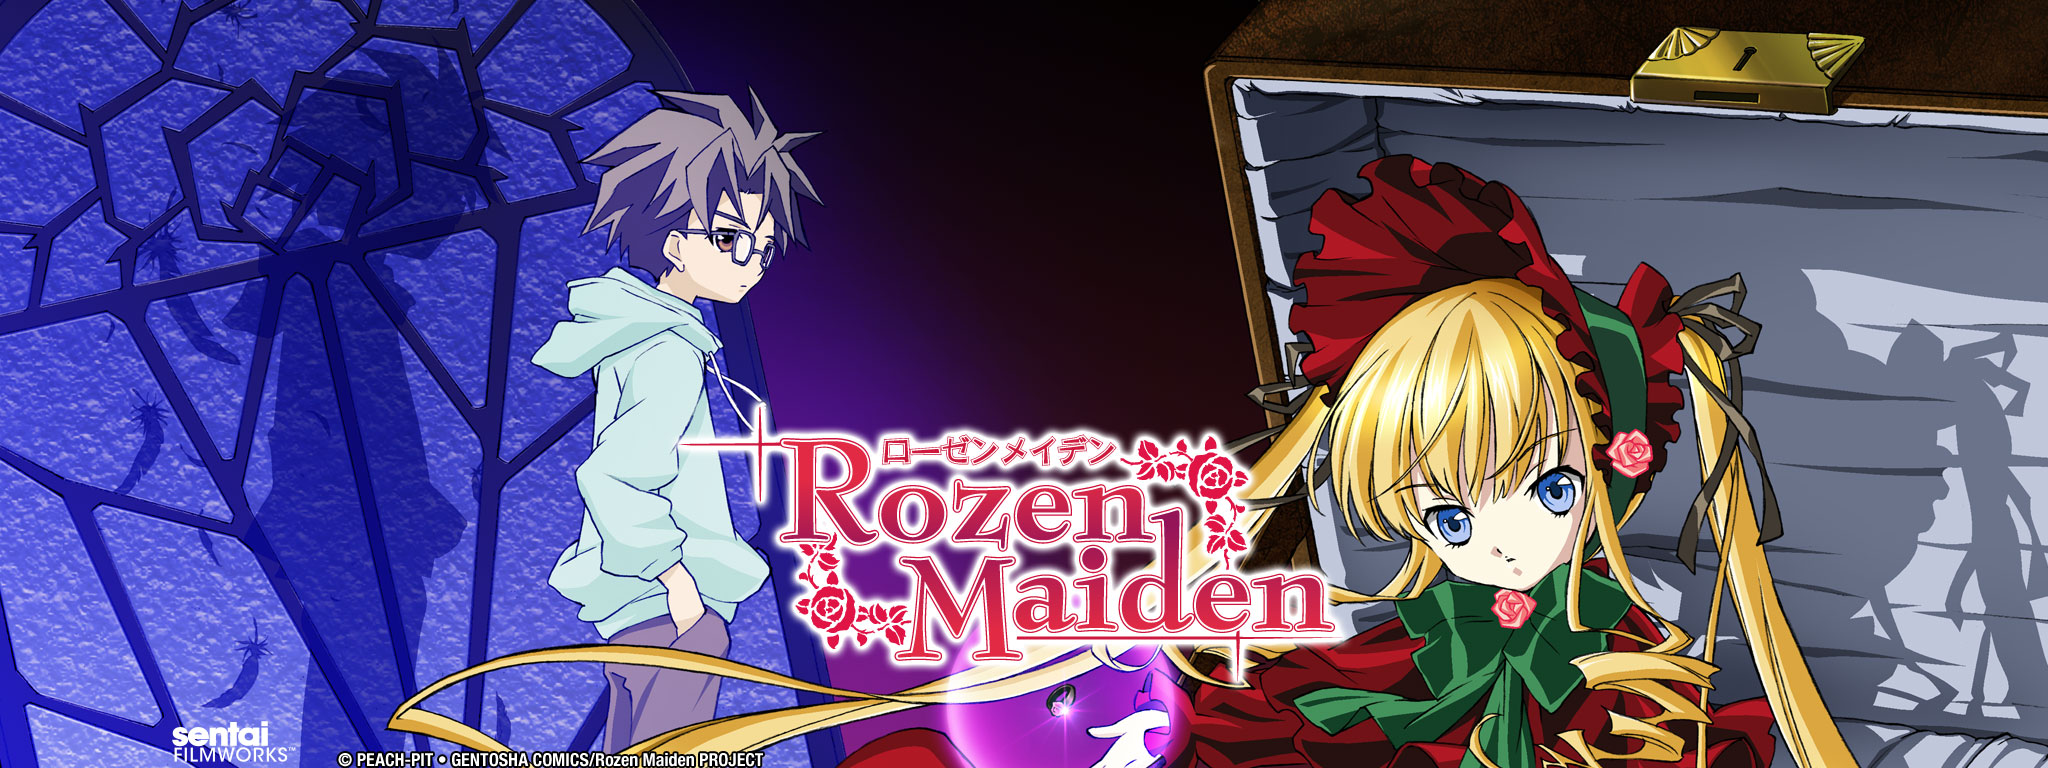 Title Art for Rozen Maiden
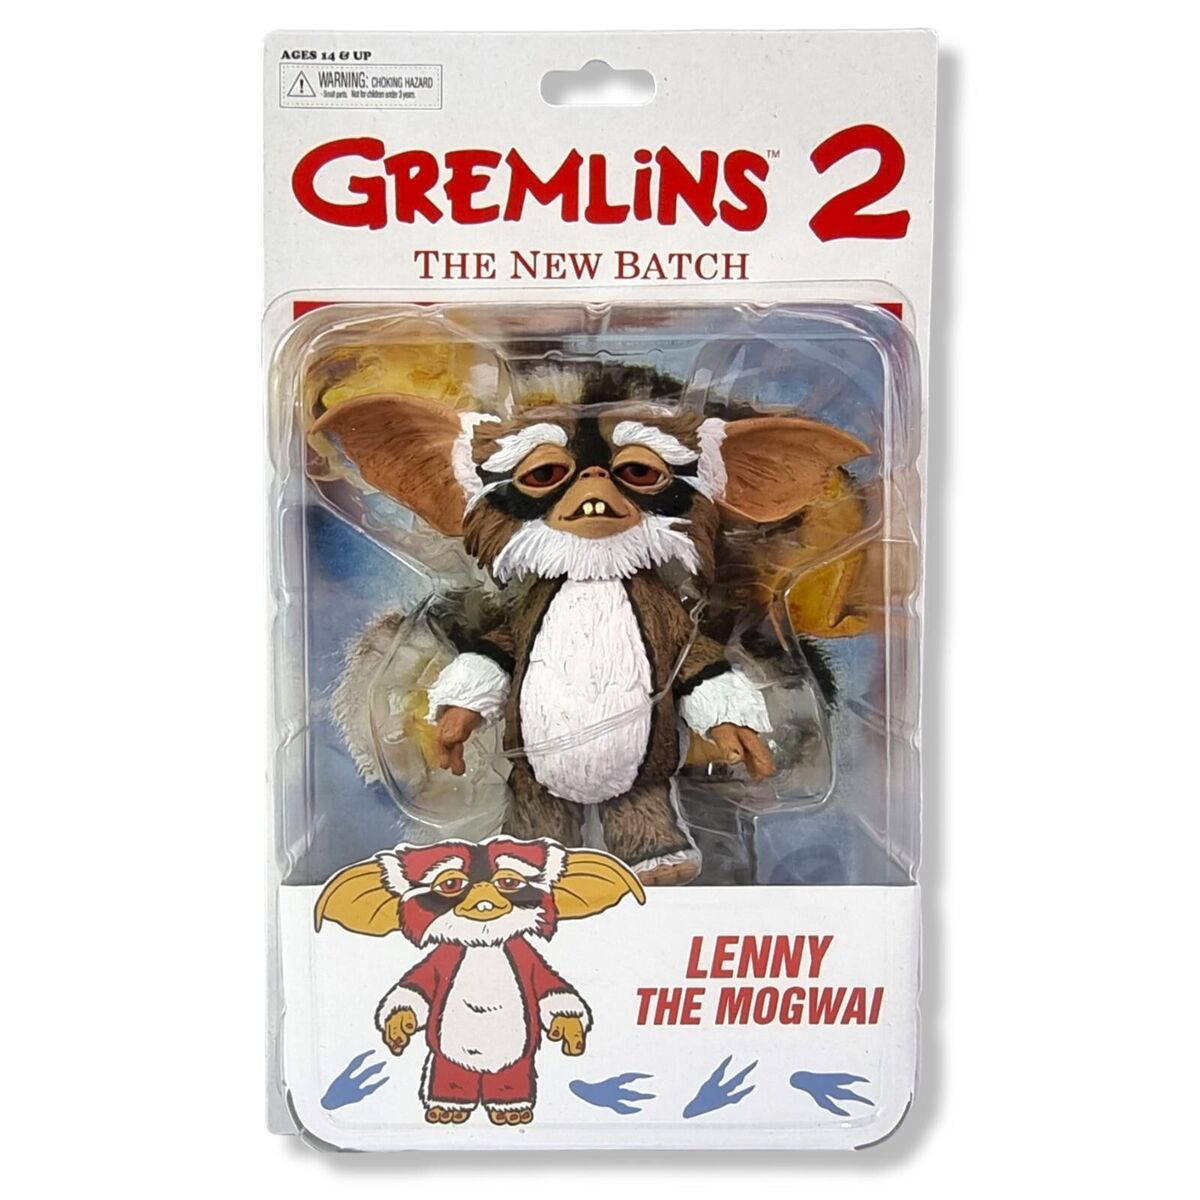 Gremlins 2: The New Batch Lenny the Mogwai Figure
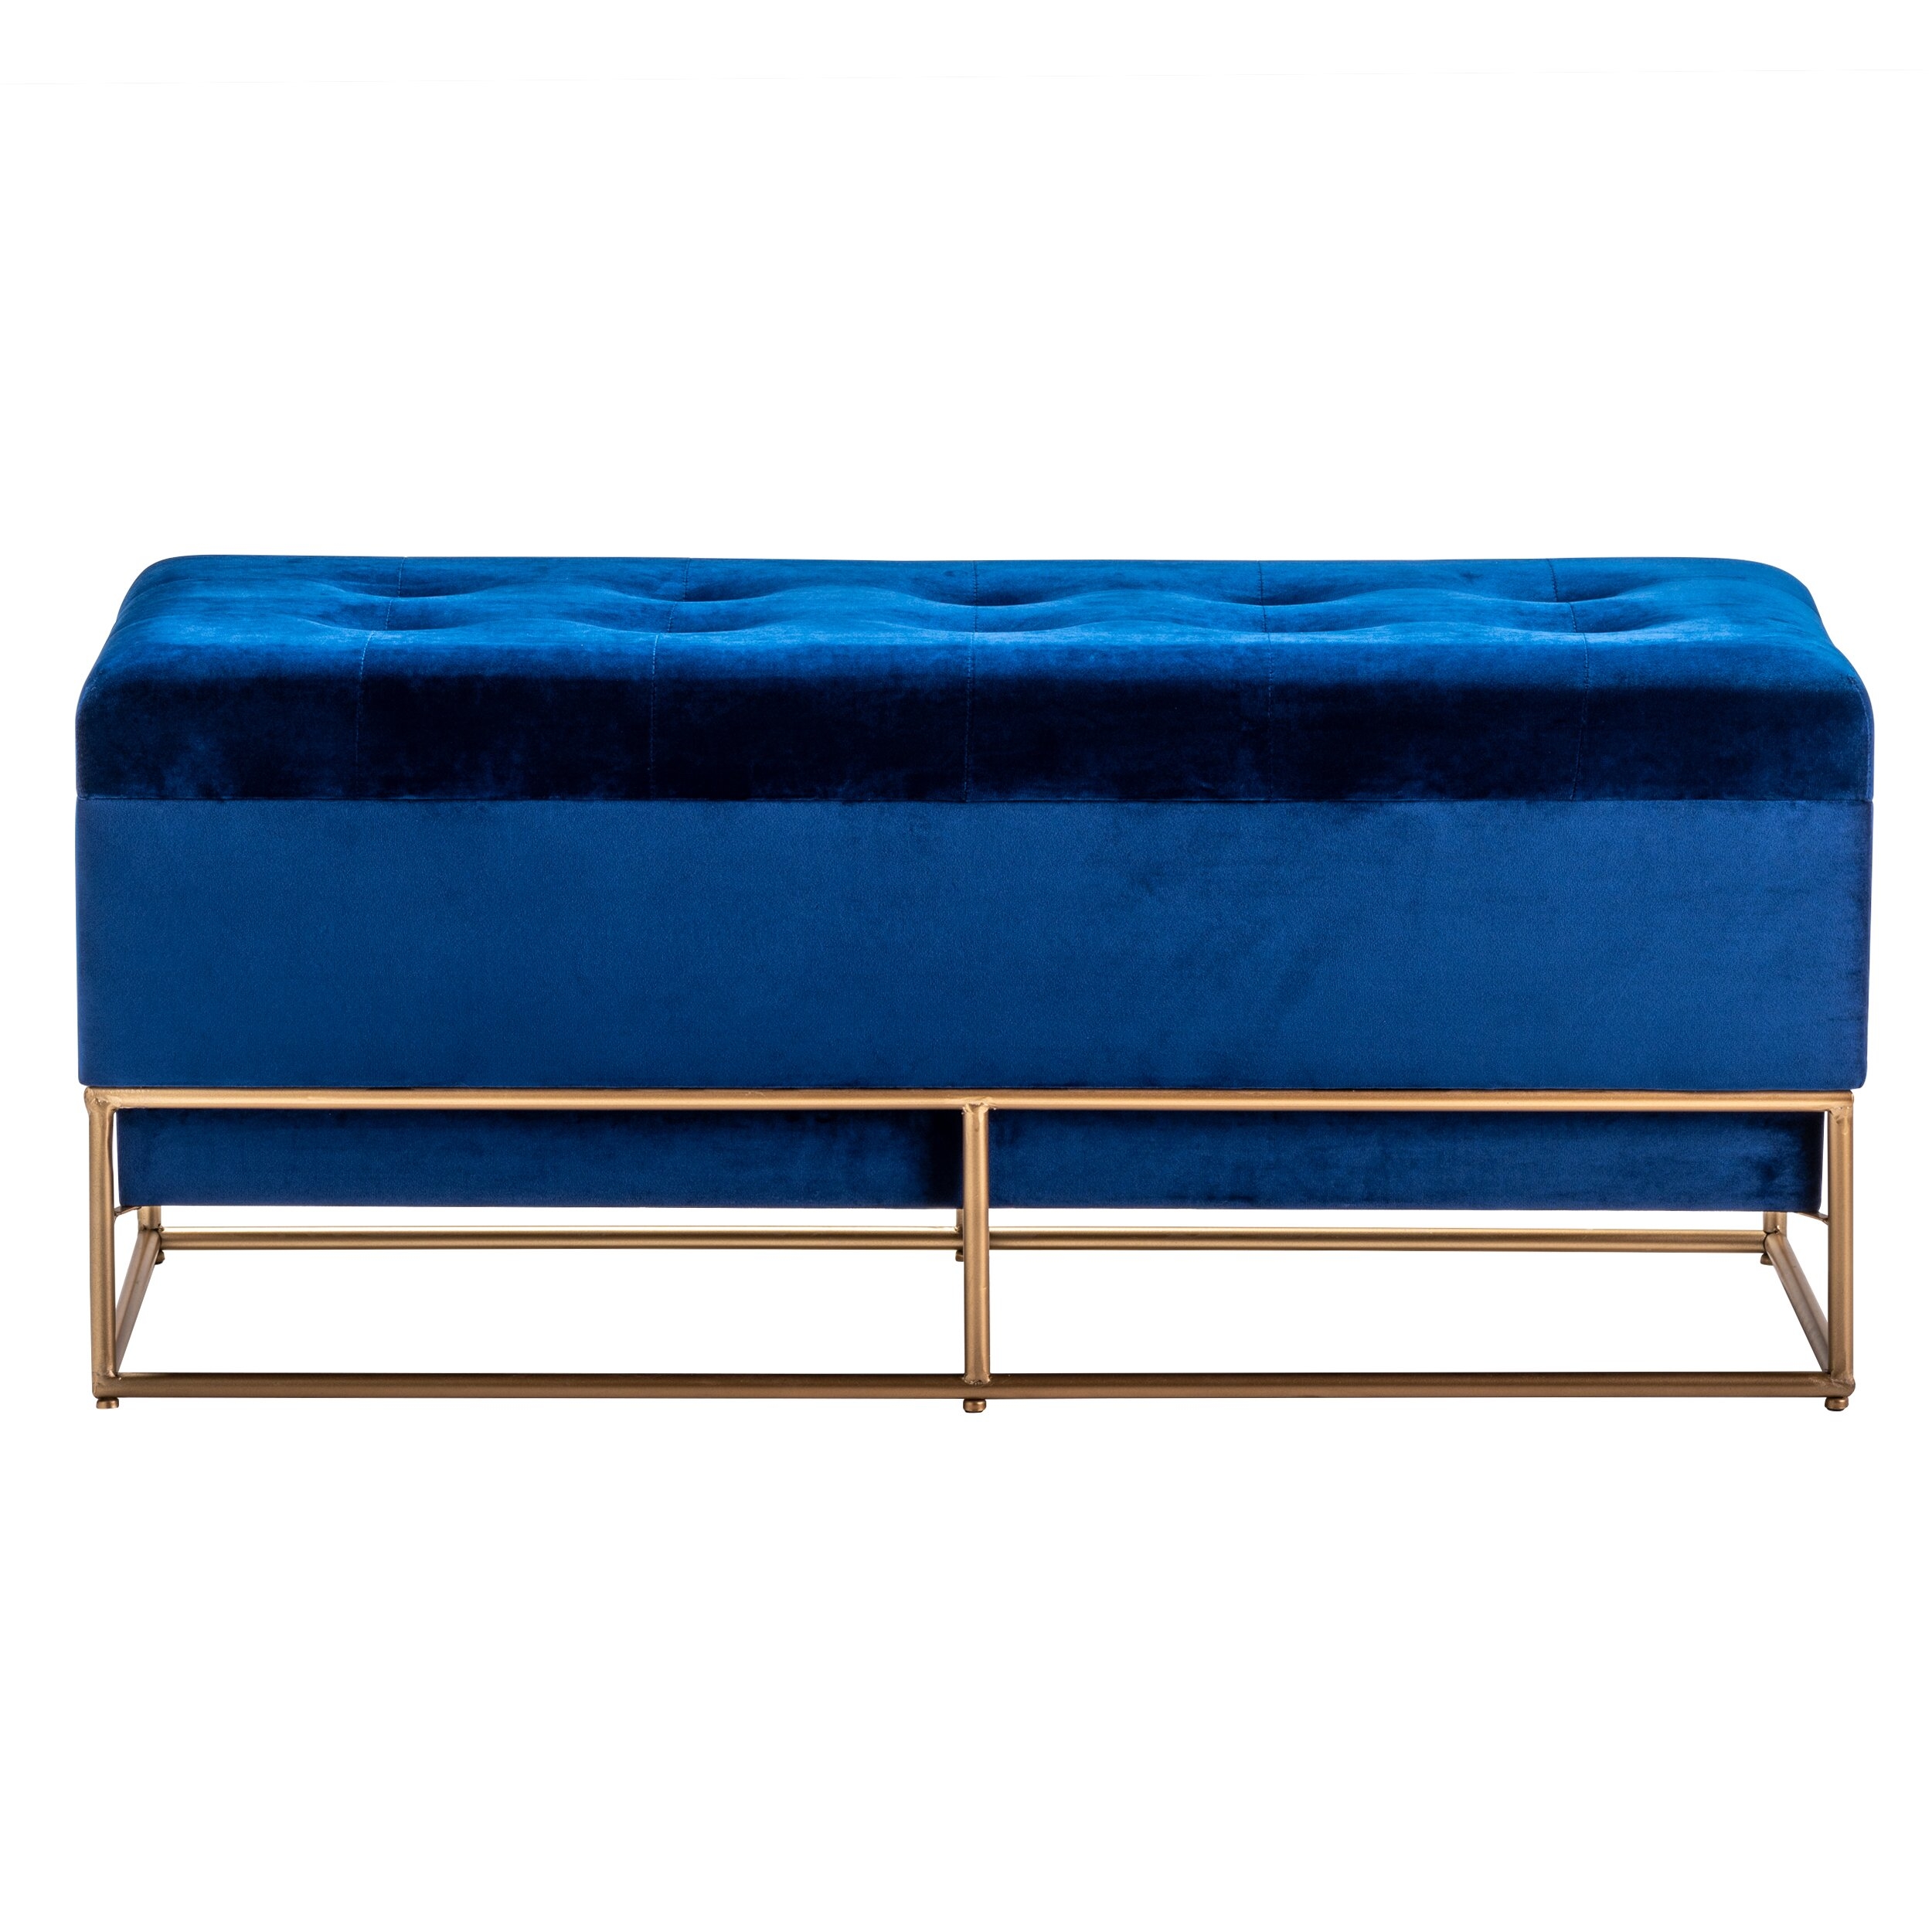 Feldt Tufted Upholstered Storage Bench - Image 0

◇ ◇ ◇ ◇ ◇

→ **Exercise objective**: Please copy out the whole listing exactly, minus its pictures.

→ **Answer to this task**:
 Title Art for Rozen Maiden
 Gremlins 2: The New Batch Lenny the Mogwai Figure
 Feldt Tufted Upholstered Storage Bench - Image 0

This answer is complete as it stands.